-------- Dataset content
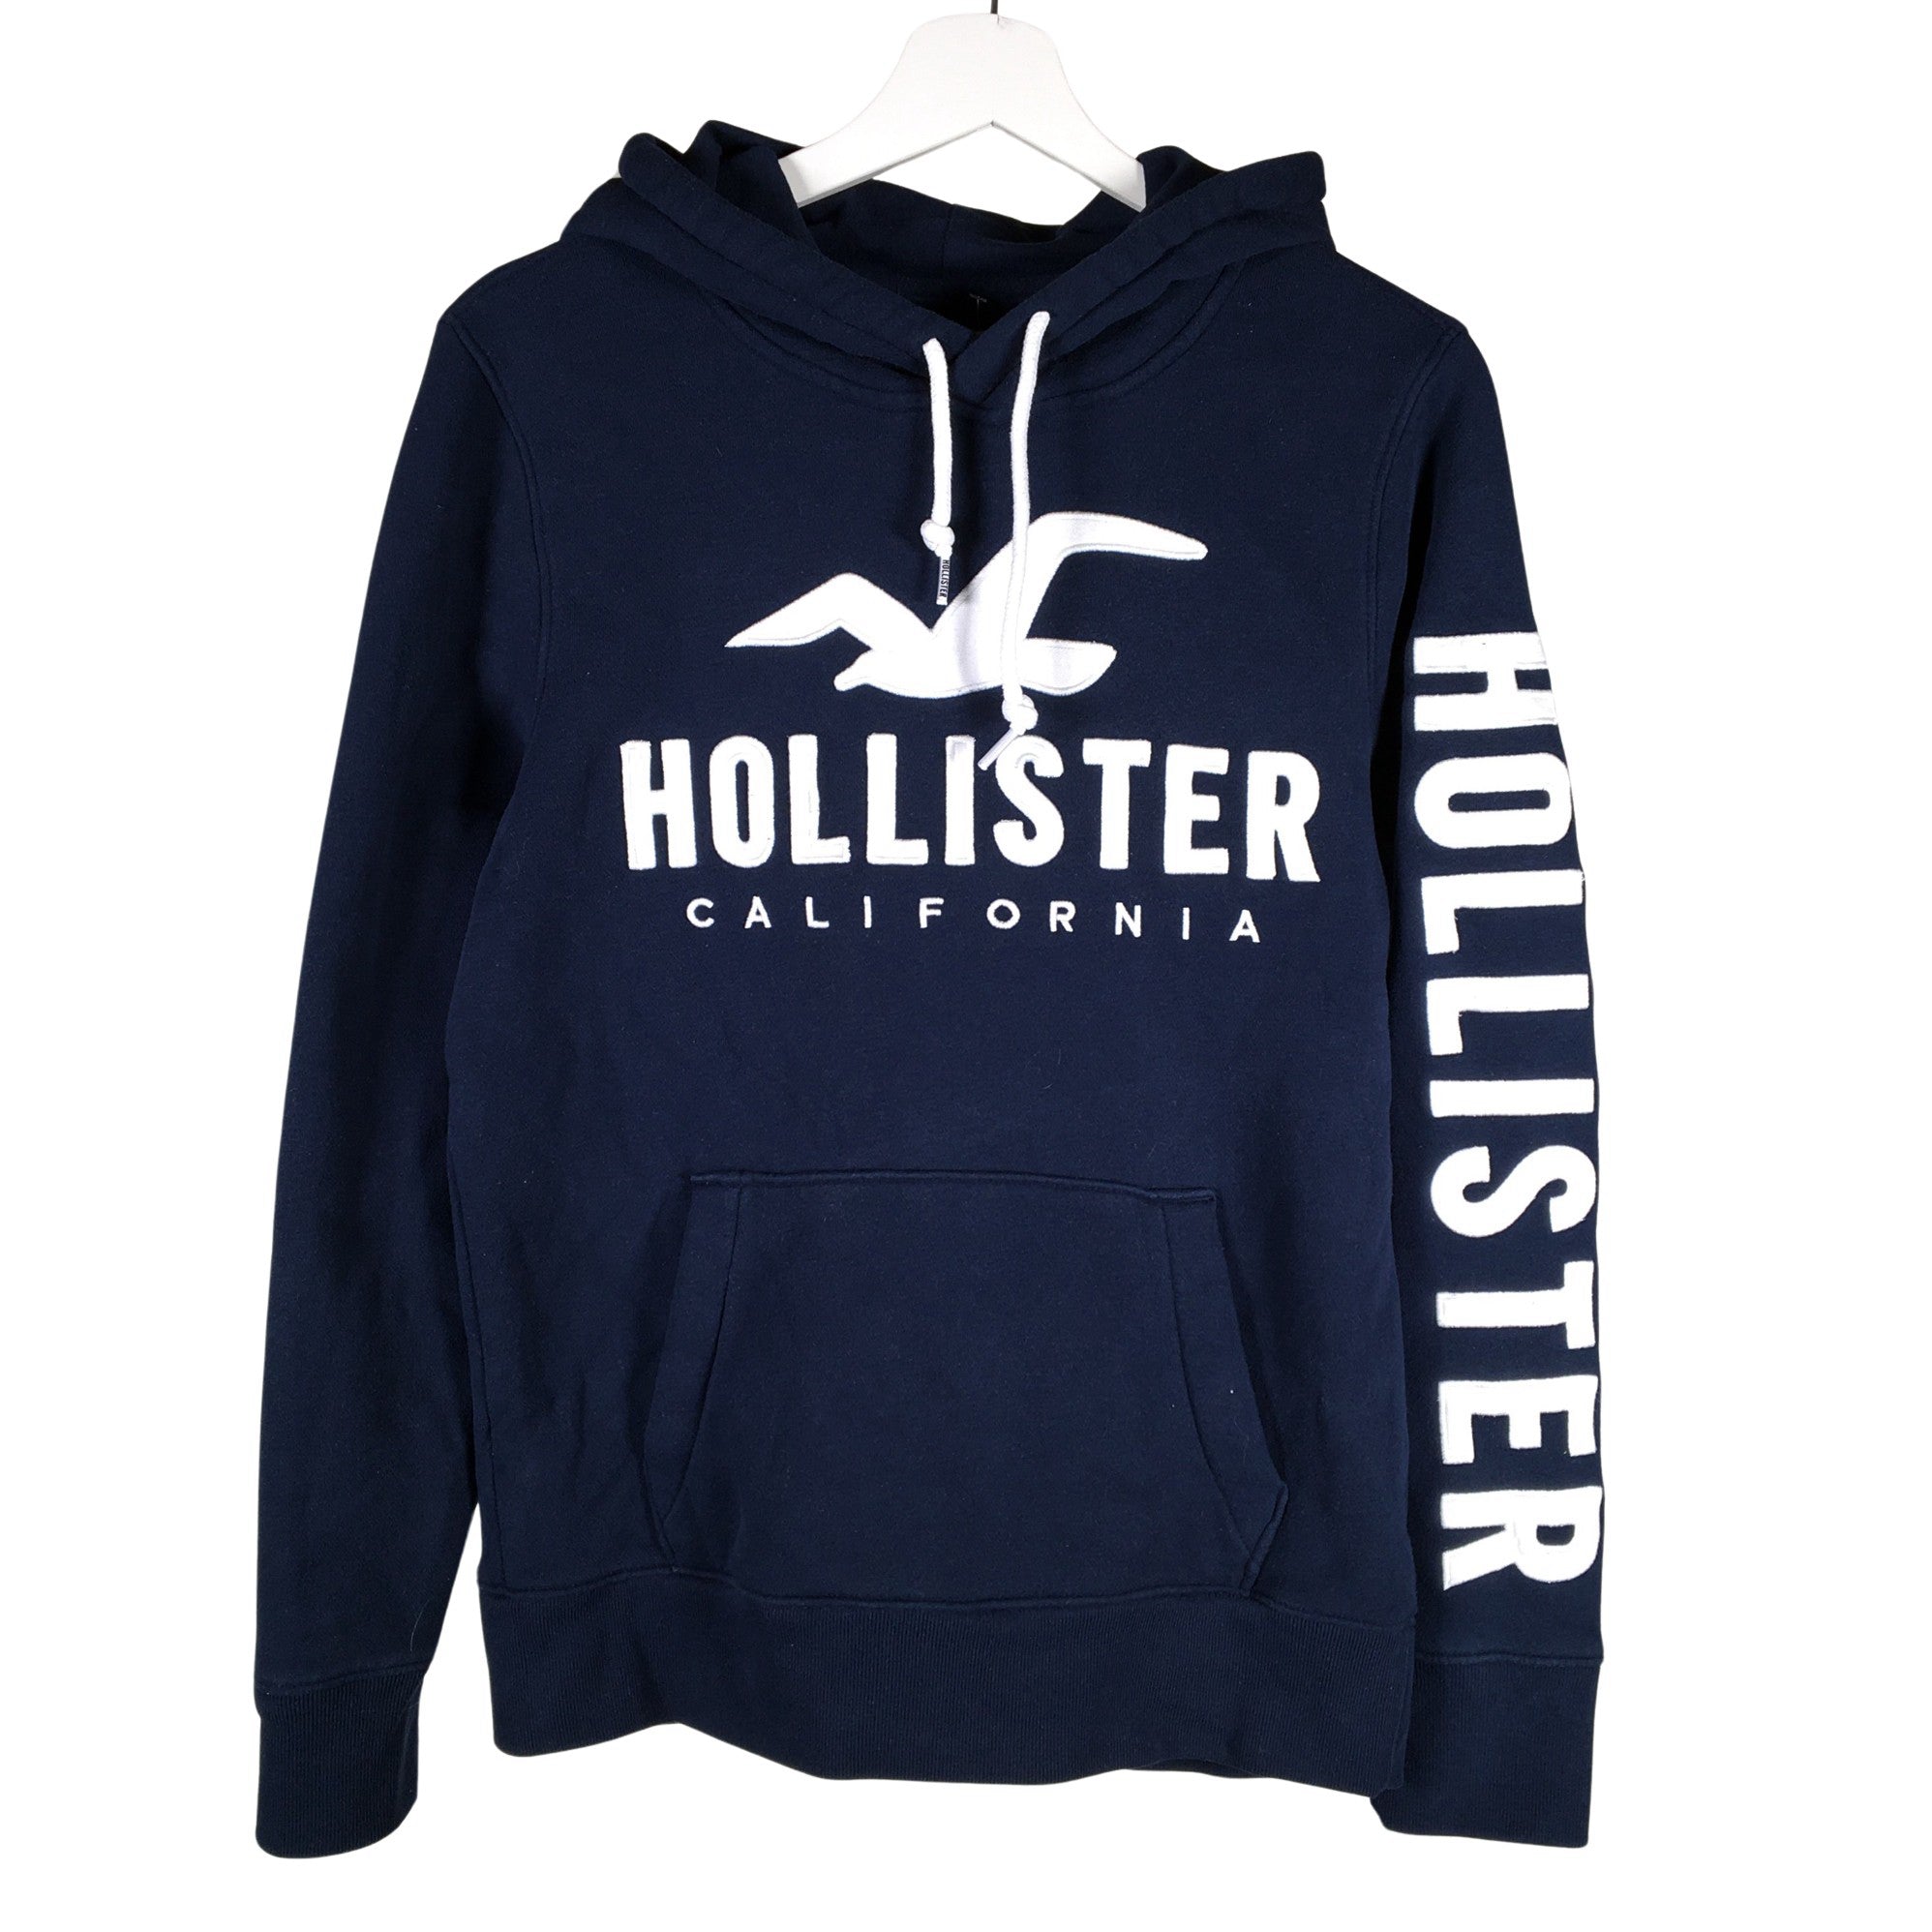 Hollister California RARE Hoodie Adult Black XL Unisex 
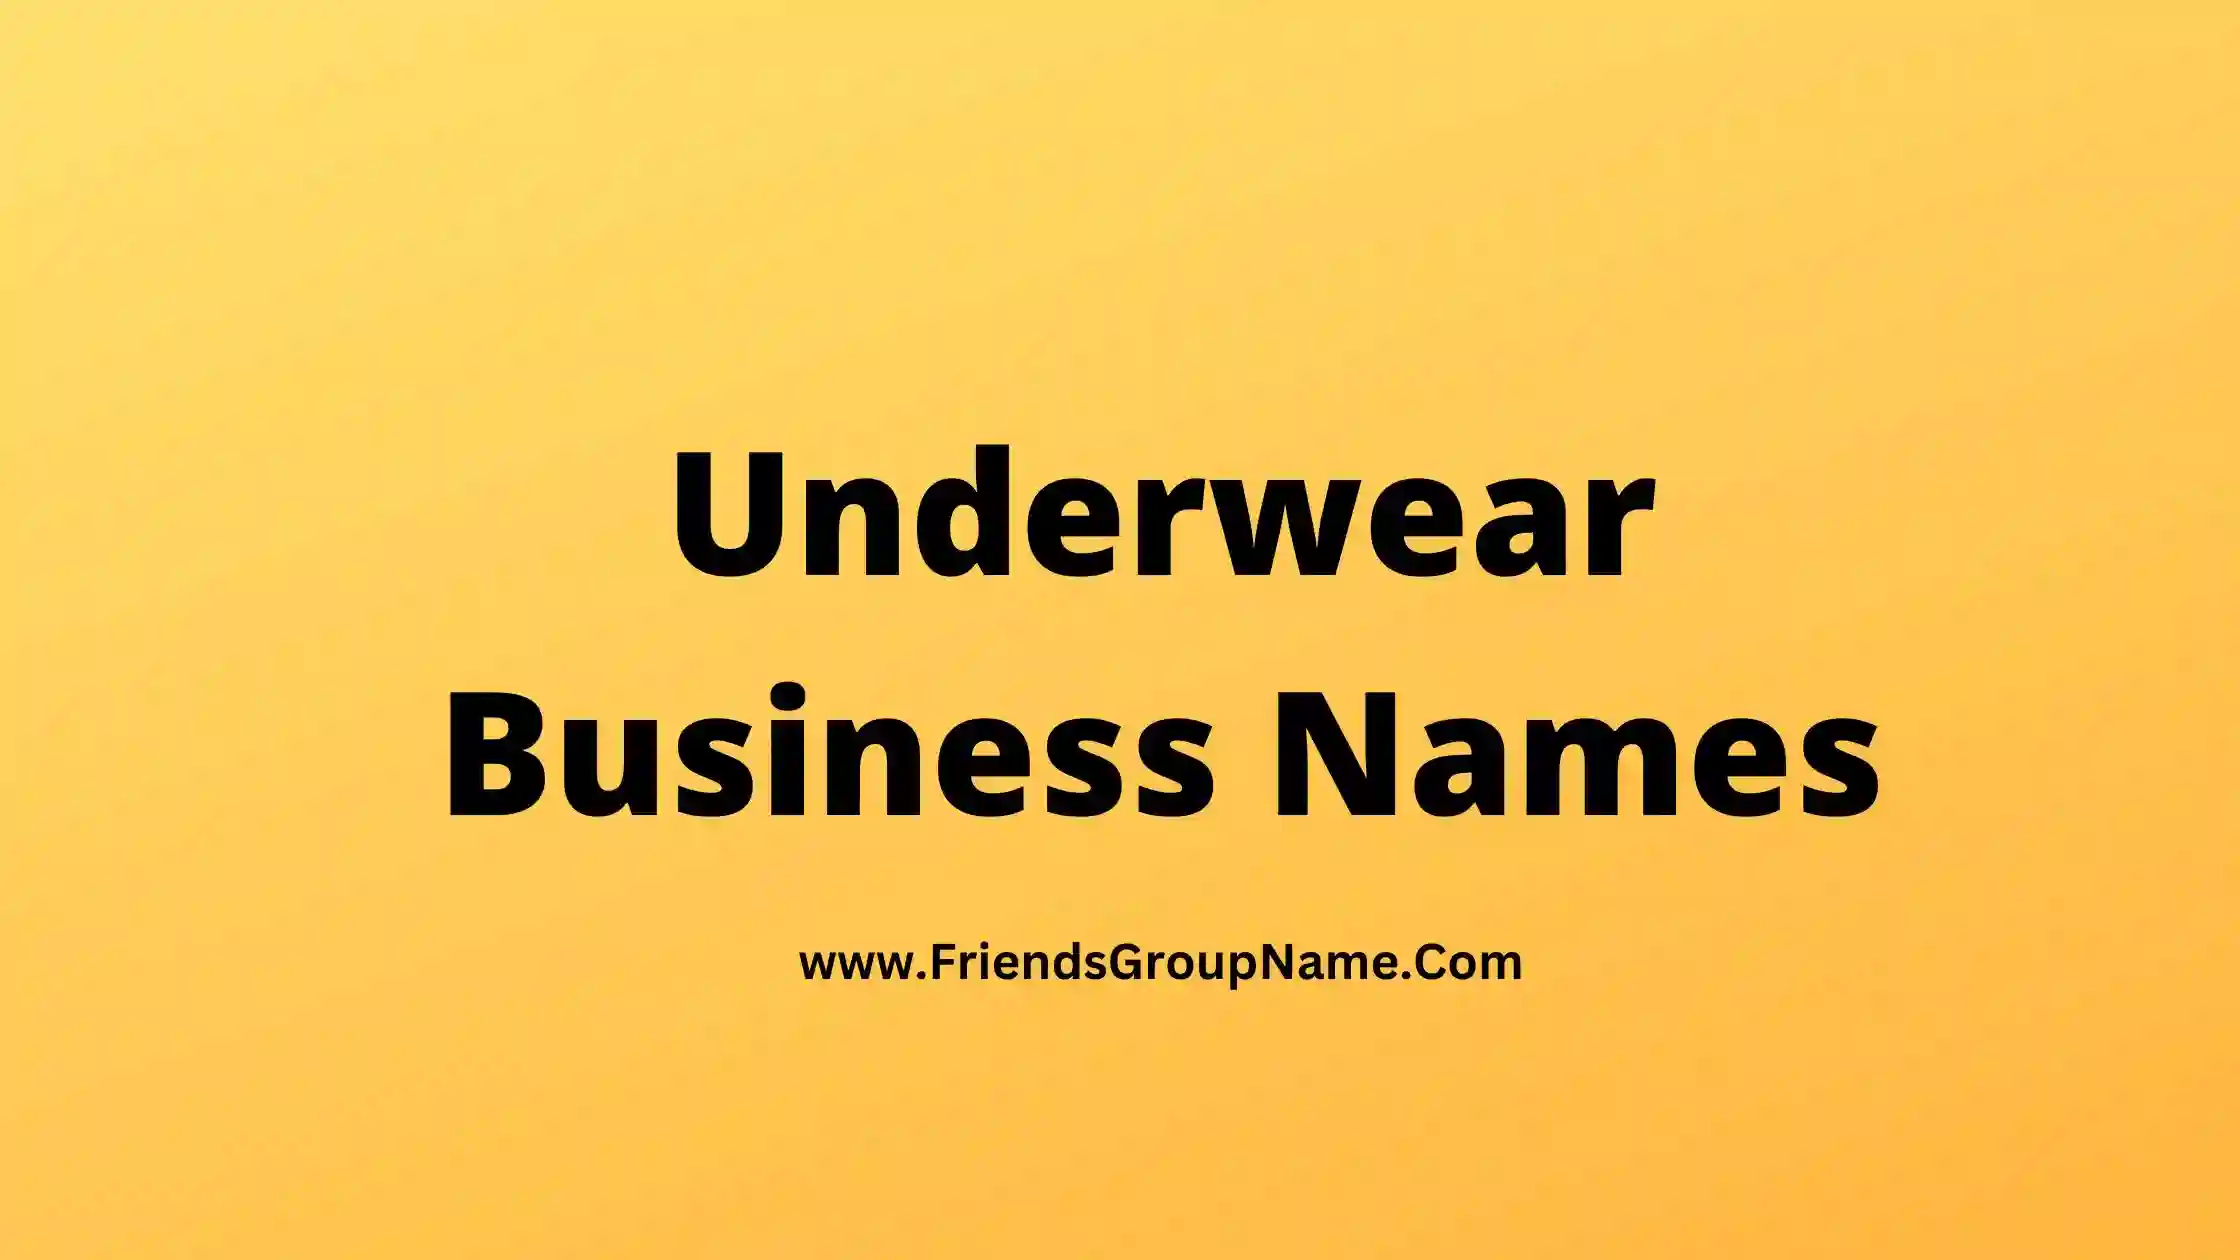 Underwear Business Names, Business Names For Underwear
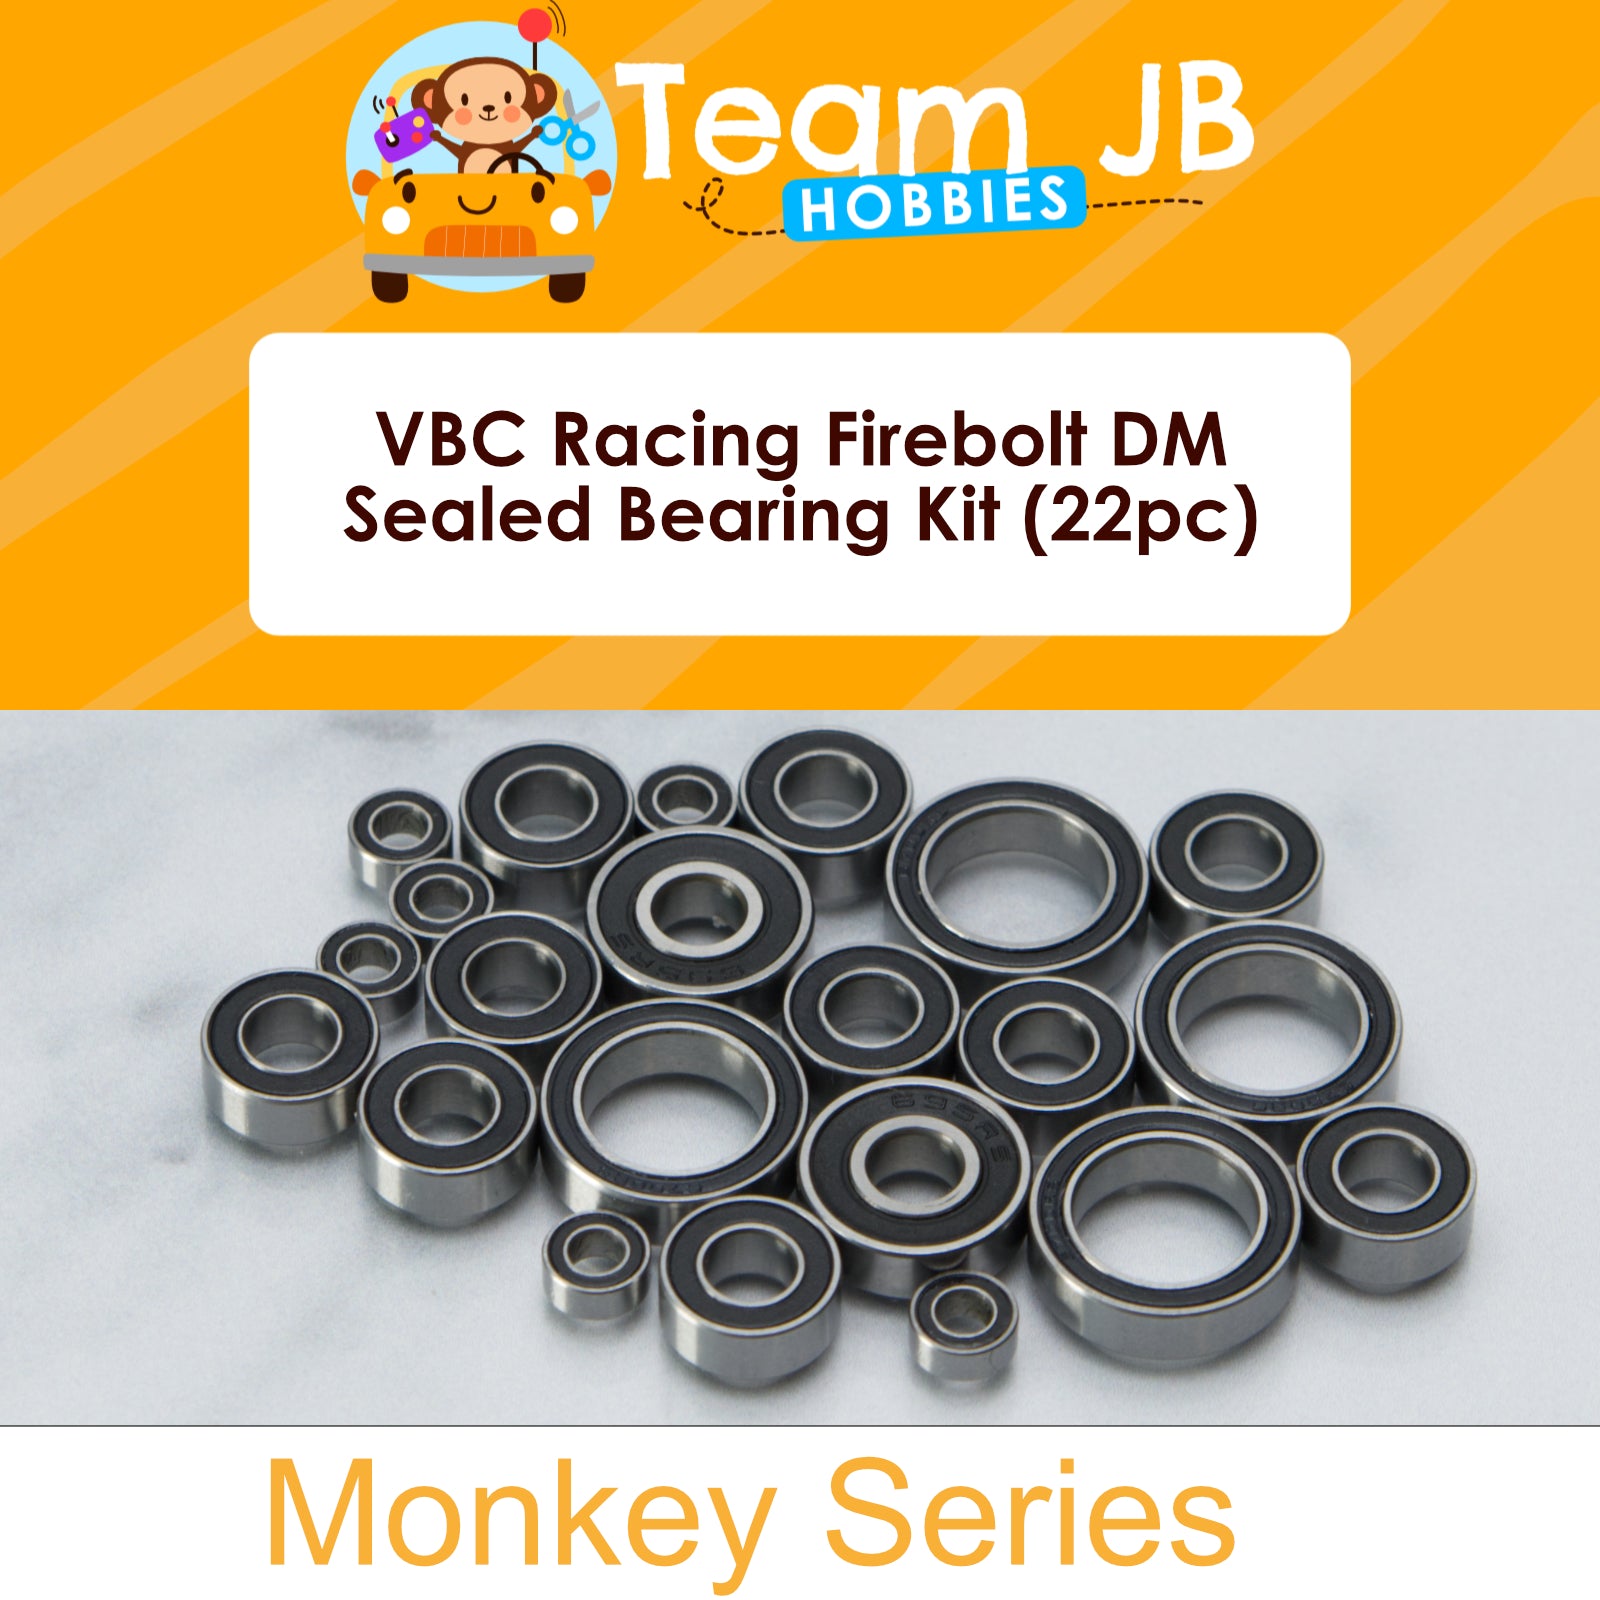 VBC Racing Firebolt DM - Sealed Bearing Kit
----------------
* [Description of the task]: Start to finish, write out the data above exactly, omitting all pictures.

* [Solution for this problem]:
 Hollister California RARE Hoodie Adult Black XL Unisex 
 Underwear Business Names, Business Names For Underwear
 VBC Racing Firebolt DM - Sealed Bearing Kit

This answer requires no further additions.